Es decir, desde que en la noche de los tiempos el individuo empezó a adquirir una balbuciente conciencia de si mismo; desde que apareció en el horizonte el luminoso pensamiento clásico; y más tarde, desde que alumbró la Razón ilustrada hasta los más prestigiosos cerebros y centros de saber de nuestra portentosa actualidad... ni una tenue luz se ha desparramado sobre las cuestiones que desde siempre han desazonado al hombre: ¿quiénes somos, de dónde venimos, a dónde nos dirigimos?
Sin embargo, han sido y siguen siendo muchos los que se atreven a dar cumplida respuesta a esas cuestiones. En vano. Porque la audacia no basta para impedir que todo siga siendo tan posible e imposible a un mismo tiempo; como siempre fue.
Por consiguiente el ser humano, en esta materia, sigue en el conocimiento discursivo, en el desconocimiento absoluto empírico; sigue revoloteando en torno a la frágil conjetura convirtiéndola en hipótesis y viéndose en resumen impotente para abrir las puertas que dan paso al conocer, en vida, lo que a su fin, después de ella, ese destino le tiene reservado.

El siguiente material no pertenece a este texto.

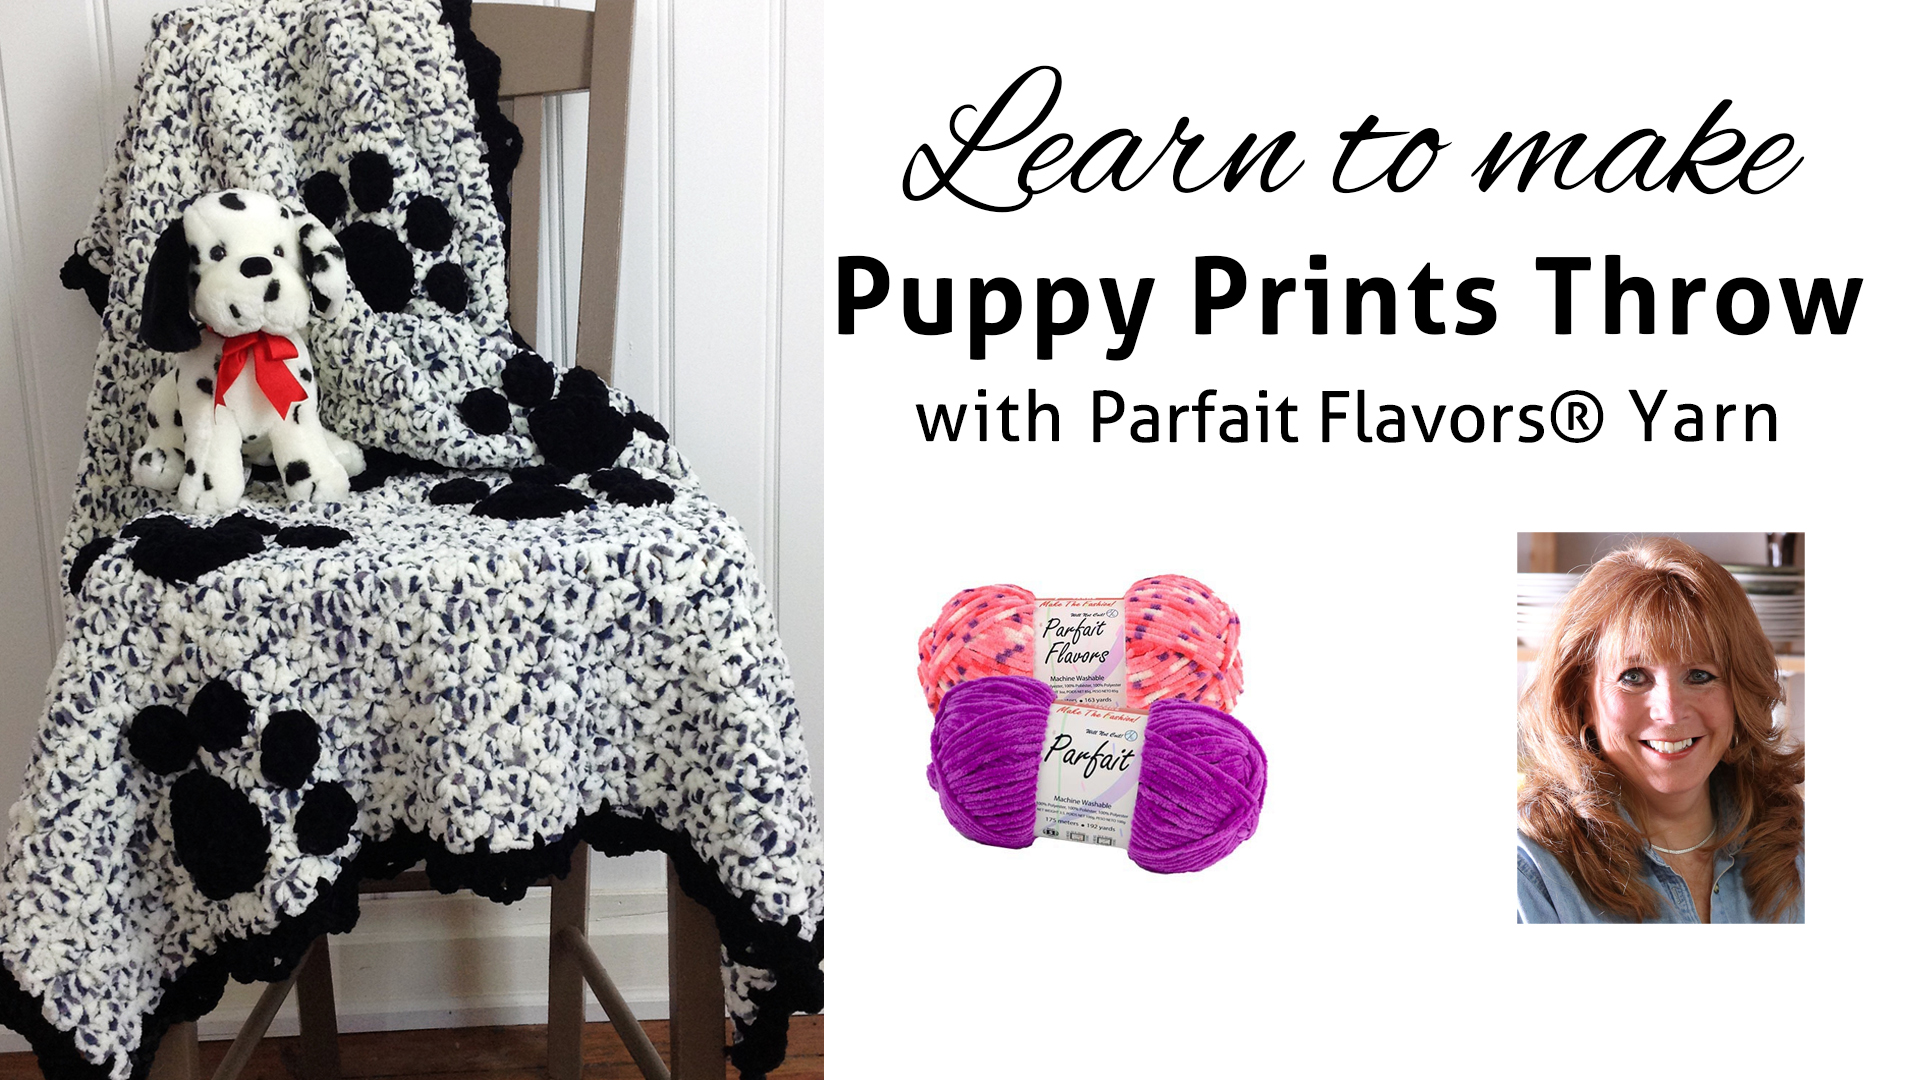 beginning-parfait-flavors-puppy-prints-throw-free-pattern
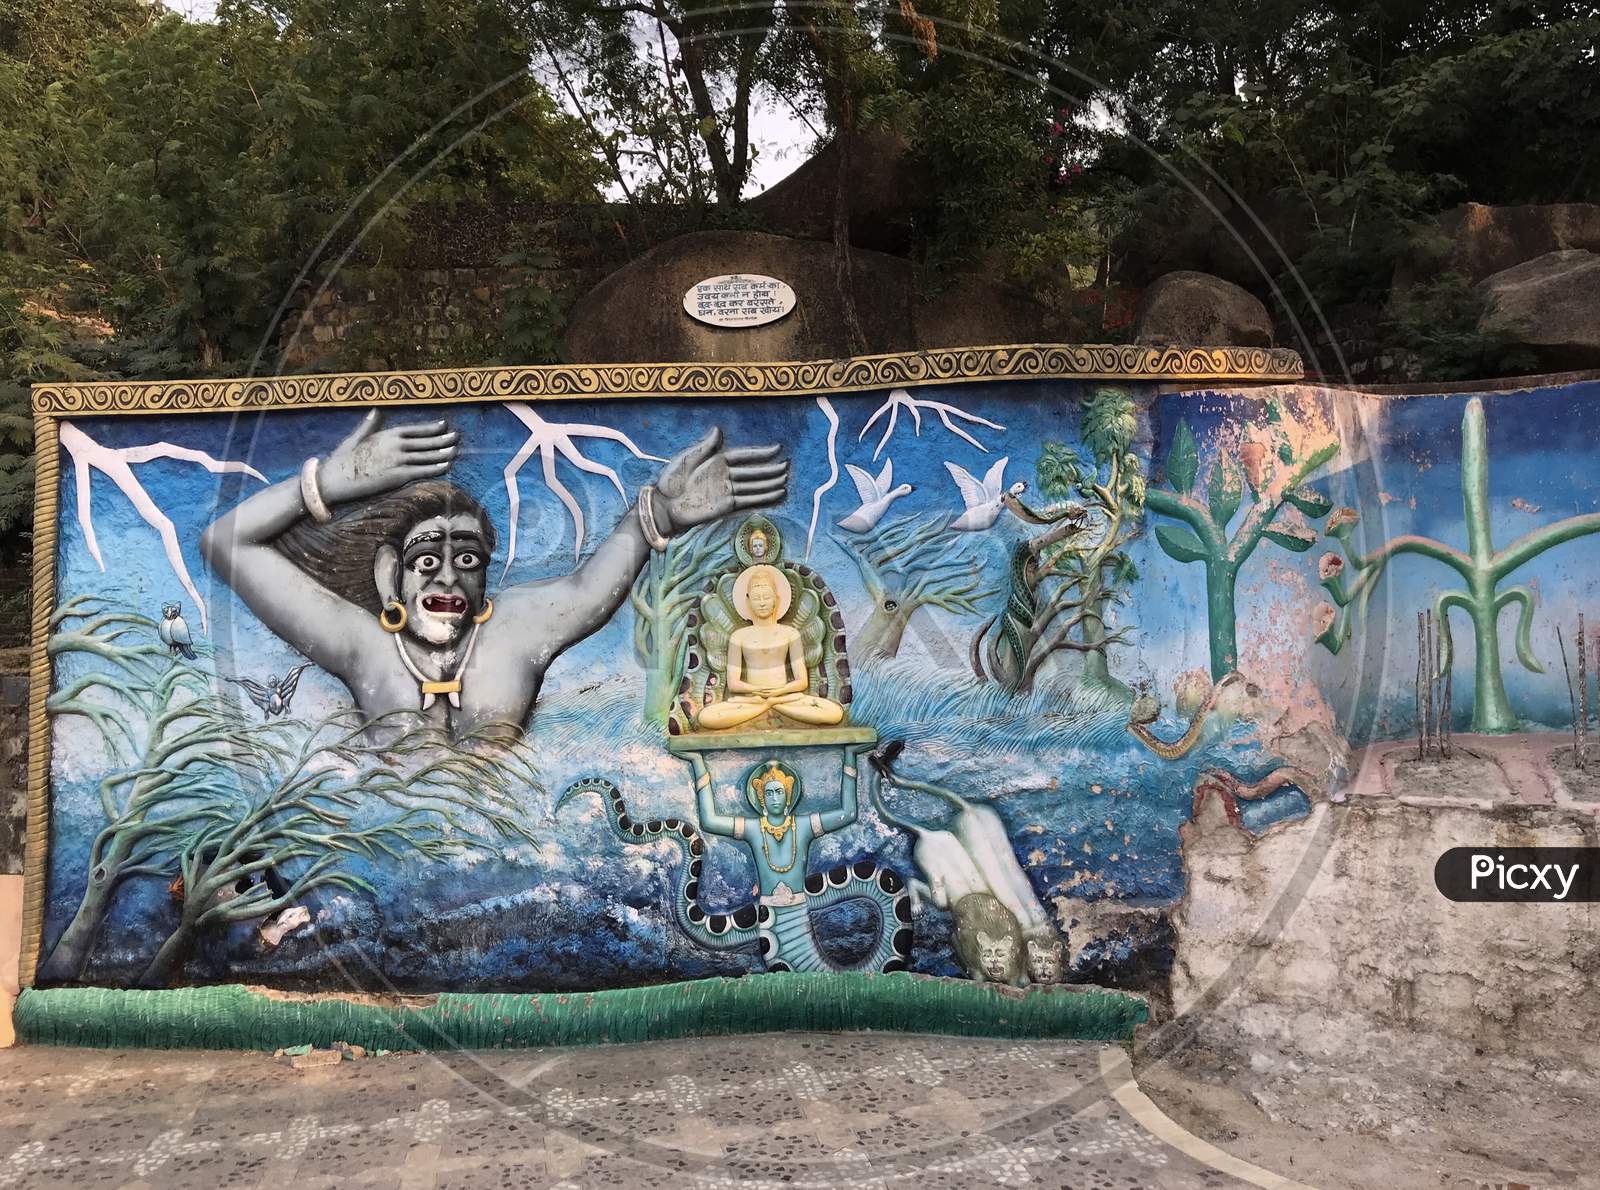 Jabalpur, Madhya Pradesh/India : Wall painting at Pisanhari Ki Madhiya, Jabalpur

Y aún podría asegurarse sin temor a equivocarnos que el hombre, en esto, ha retrocedido. Pues en lugar de aproximarle a la solución del enigma, el progreso no sólo no le ha servido para nada; es que le aleja de ella un poco más. Pero se sigue resistiendo. No se resigna a tener que esperar al momento de su muerte para conocer cumplidamente la respuesta...
I
No obstante, hace menos de dos milenios una idea, una tesis, un mensaje, ingeniosamente administrados: los de un Cristo interpretado (después de fracasado en su propósito de adentrarse en el Oriente donde nació su fundador), consiguieron penetrar y arraigar en el solar de Europa. Y en Europa fue donde se fueron asentando las “verdades” acerca de las cuestiones trascendentes, y en la forma que habían ido siendo éstas “decididas” por unos cuantos seres humanos reunidos en asambleas conciliares.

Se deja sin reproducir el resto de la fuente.